11 comments to Let’s not forget a media organisation funded via a tax

  • At one time people referred to Prussia as “An army with a state attached to it.”

    Nowadays one could refer to Britain as “A media organization with a state attached to it.”

  • bloke in spain

    I’m fairly limited on what english language news I can get on sat here but in following the Murdoch story I’ve used Sky & France24English. Why not BBC World Service? Last night’s Hard Talk dealt with the subject. Greg Dyke – Labour party donor, Jaquie Smith – Labour Ex Home Sec & some guy from the Greater London Assembly I’d never heard of. That’s supposed to be a range of opinion for the overseas viewer?
    On the particular subject of France24. Increasingly I find I’m turning to it. The sheer depth of its discussion programs is breathtaking. One particular example earlier this year put a Moslem head to head with a representative of, what by UK standards would have been the extreme right, for an hour. Watching the compère getting the two sides exploring where they were in agreement was an education. Compare that with the contempt openly displayed on the BBC to anyone not toeing the multiculti line.

  • Bloke: thanks for the tip. I get France24, but never bothered to watch.

  • bloke in spain

    My pleasure .
    I’m afraid I now regard BBC World in the same way as Russia Today & that peculiar channel that seems to originate somewhere in China. Occasionally interesting but not to be trusted & classified along with the channels offering phone sex lines. ‘Unlikely to deliver what’s shown on the tin.’

    For coverage of the Murdoch issue, strangely enough, I can’t say I can fault Sky. They’ve hardly tried to shelter their employers but have given a much better balance overall, in my opinion

  • Jamess

    Consider stopping paying the BBC tax. The money saved could go on better things, and the pleasure of receiving those angry BBC letters demanding money, knowing that they don’t stand a change in a court of law and that they’re wasting money sending them, is more than the pleasure most BBC output gives.

  • I just want Journalism. You know, where facts, and little else are reported. Foolish I know.

    I will check out this France24 business, however.

  • Andrew Duffin

    “knowing that they don’t stand a change in a court of law”

    Hmm.

    If you have a television, or anything else that can receive television signals, then they do have a chance in a court of law.

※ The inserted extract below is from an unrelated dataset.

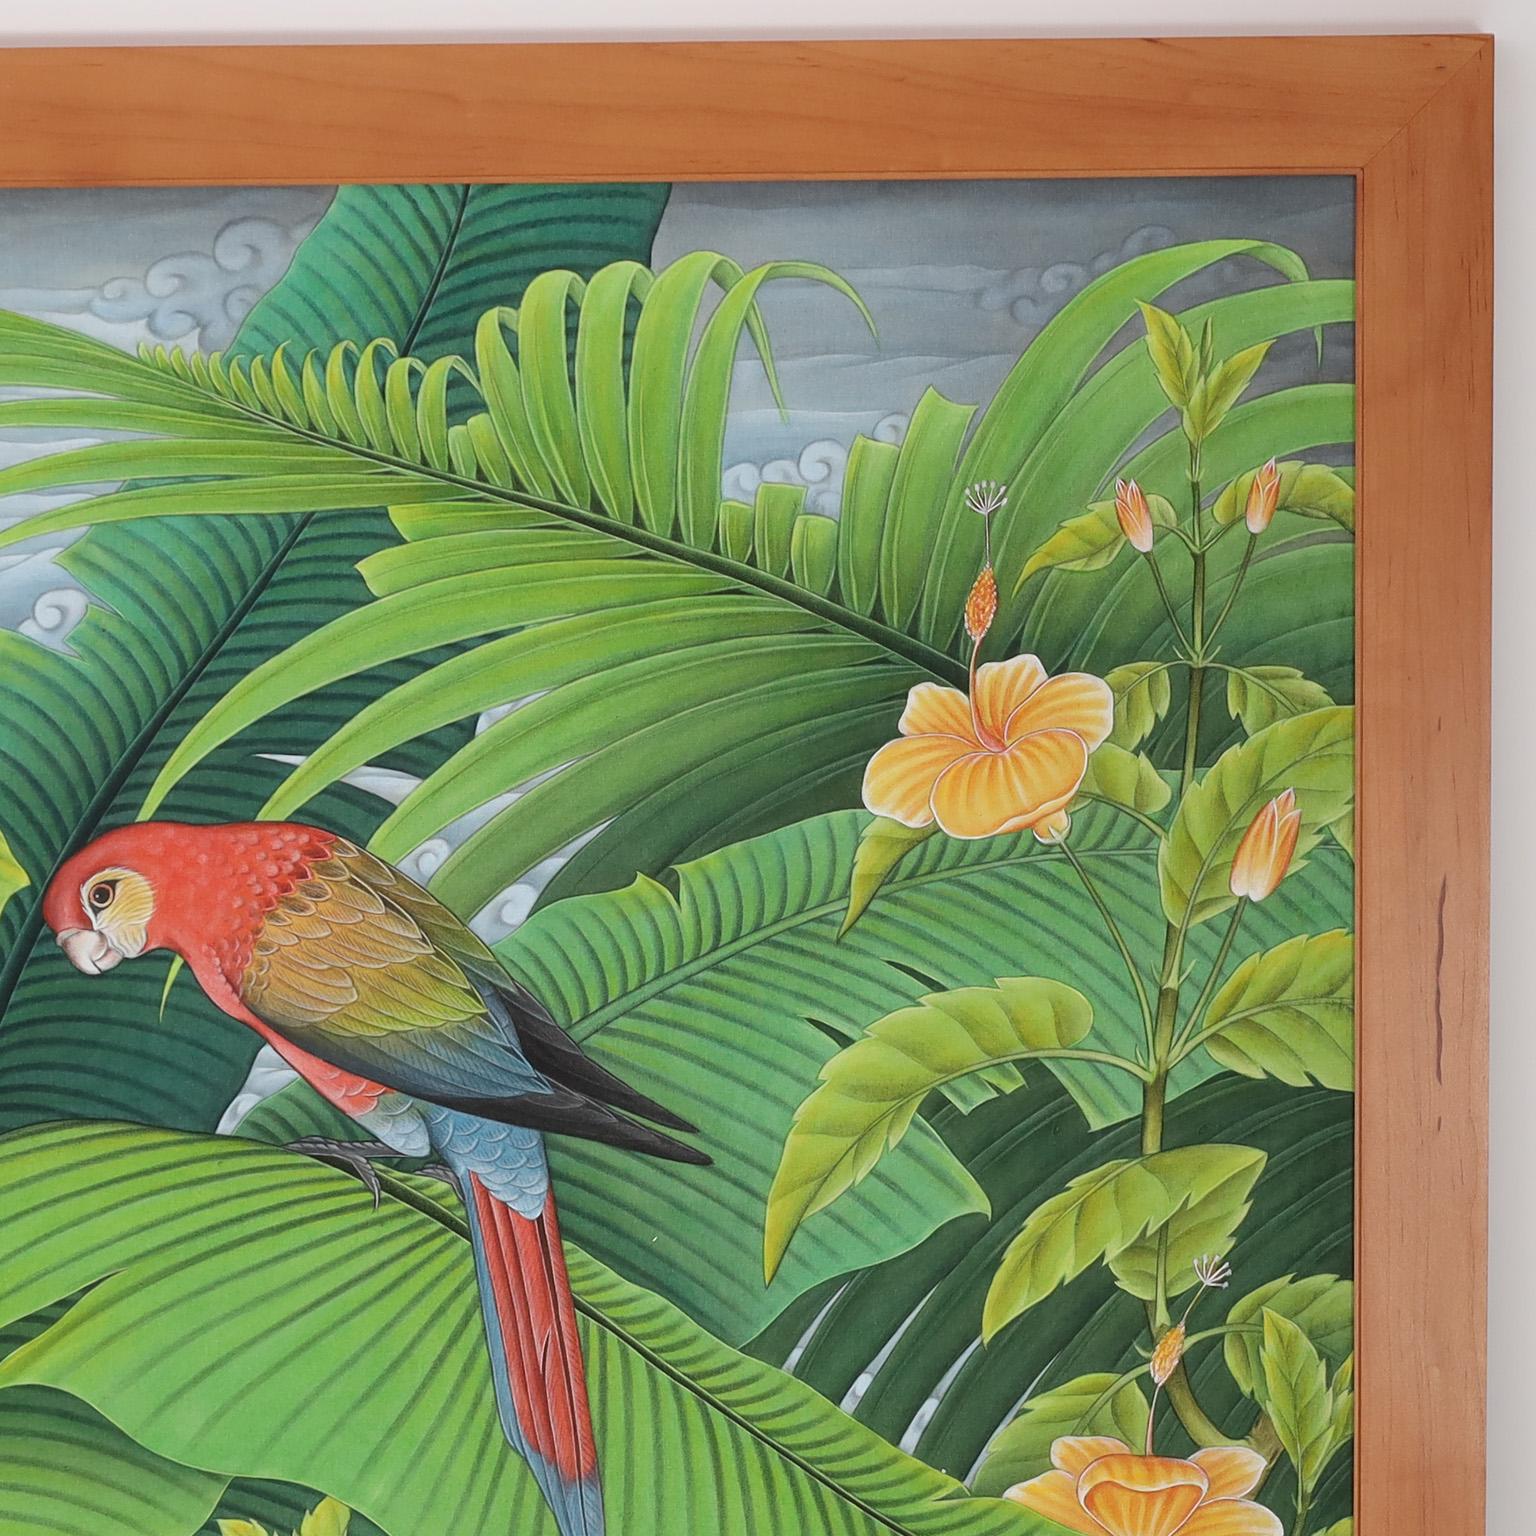 Mid-Century Modern Painting on Canvas with Parrots and Flowers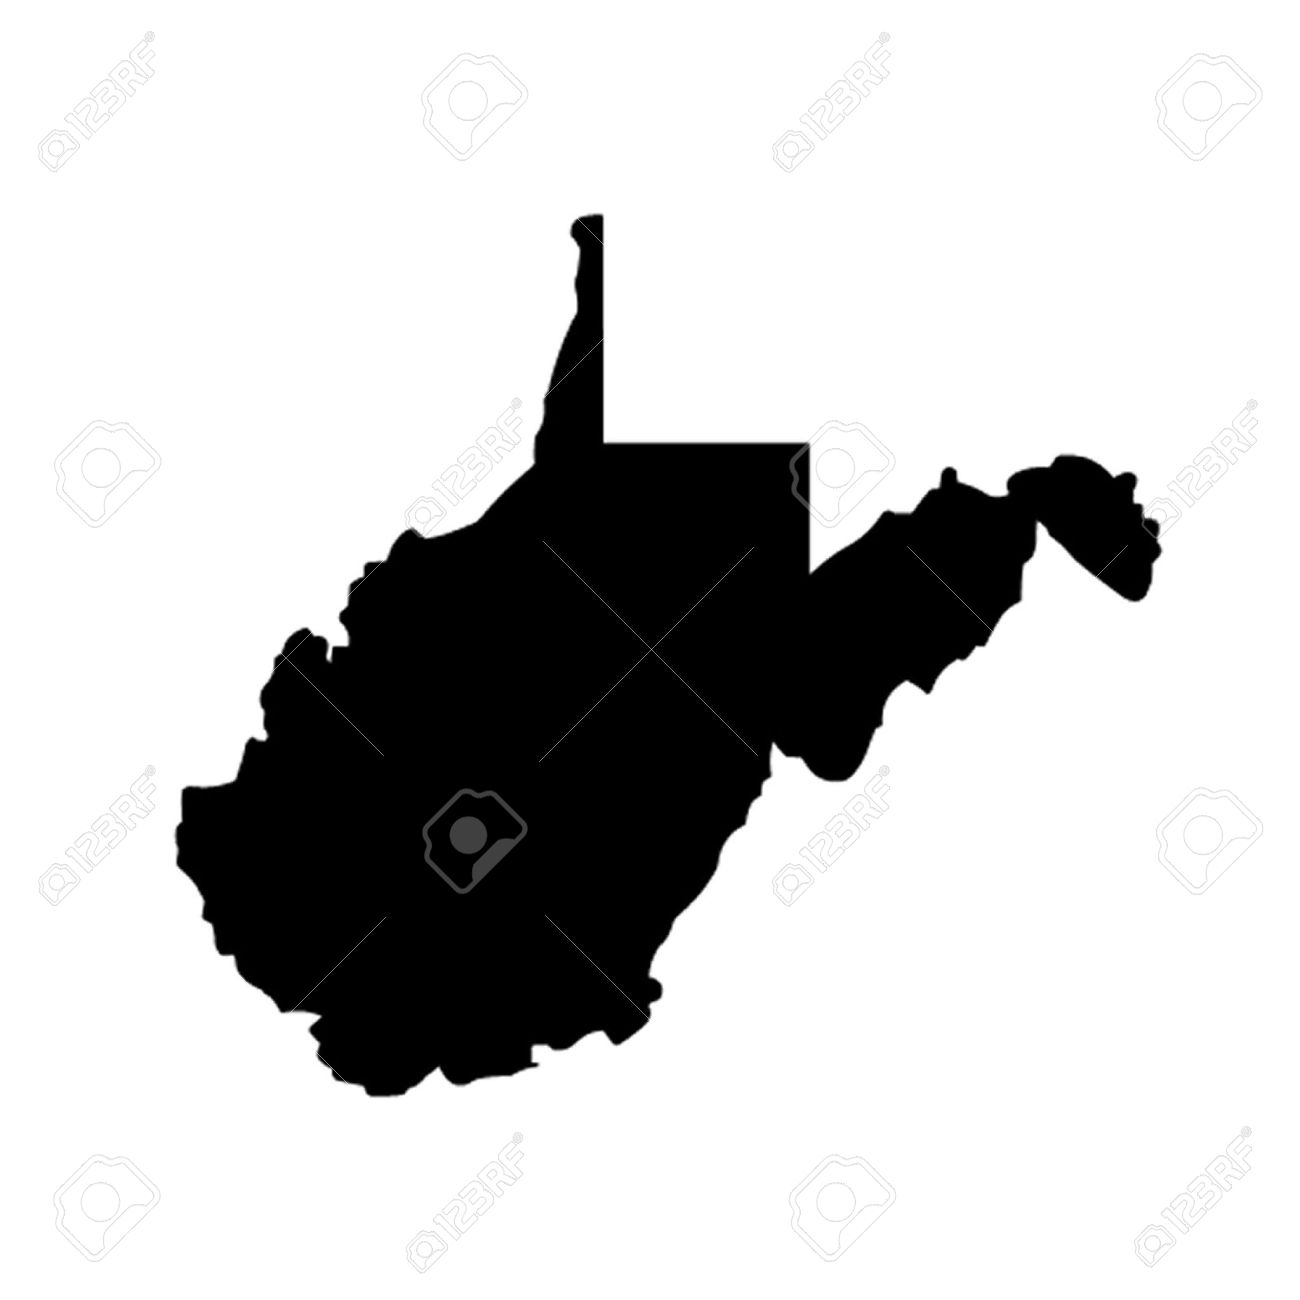 West Virginia clipart #16, Download drawings

More than a chance, in fact, because that is the law.

  • BBC? Don’t overlook the world wide corrosive effects of their ideological siblings, ABC, CBC, SABC……..

  • I am thoroughly in favour of boycotting the TV licence, and it is some years since I paid for one.

    However, if they get you to a court of law and you do own a TV and don’t have a licence, you will lose. If they have managed to identify who you are, and they have clear evidence that you have a TV, then you should pay up at once. On the other hand, if you just ignore the frequent threatening letters address to “The Legal Occupier” and decline to let anyone from TV licensing into your home on the very rare occasions when they knock on the door, nothing will happen.

  • James of England

    I got an email posted to Instapundit on this the other day.

    http://pajamasmedia.com/instapundit/124554/

    This doesn’t scratch the surface of the application of anti-trust law to the BBC. The more I think about it, the more convinced I am that breaking up the BBC is a necessary first step to privatizing it and moving it into the market. At the moment, people generally respond by talking about the genuine public services that the BBC performs, which involve a trivial proportion of its funding. Separate out the channels, different media, and each part becomes either much more difficult to defend, or much more acceptable to publicly fund (e.g. personally, I would be more than happy to pay a reasonable rate for the shipping forecast if it transpired that the private sector was unwilling to broadcast it.) Even if it did not result in an ending of the ideological abuses involved in government speech, a breaking up of the monopoly could only improve the output.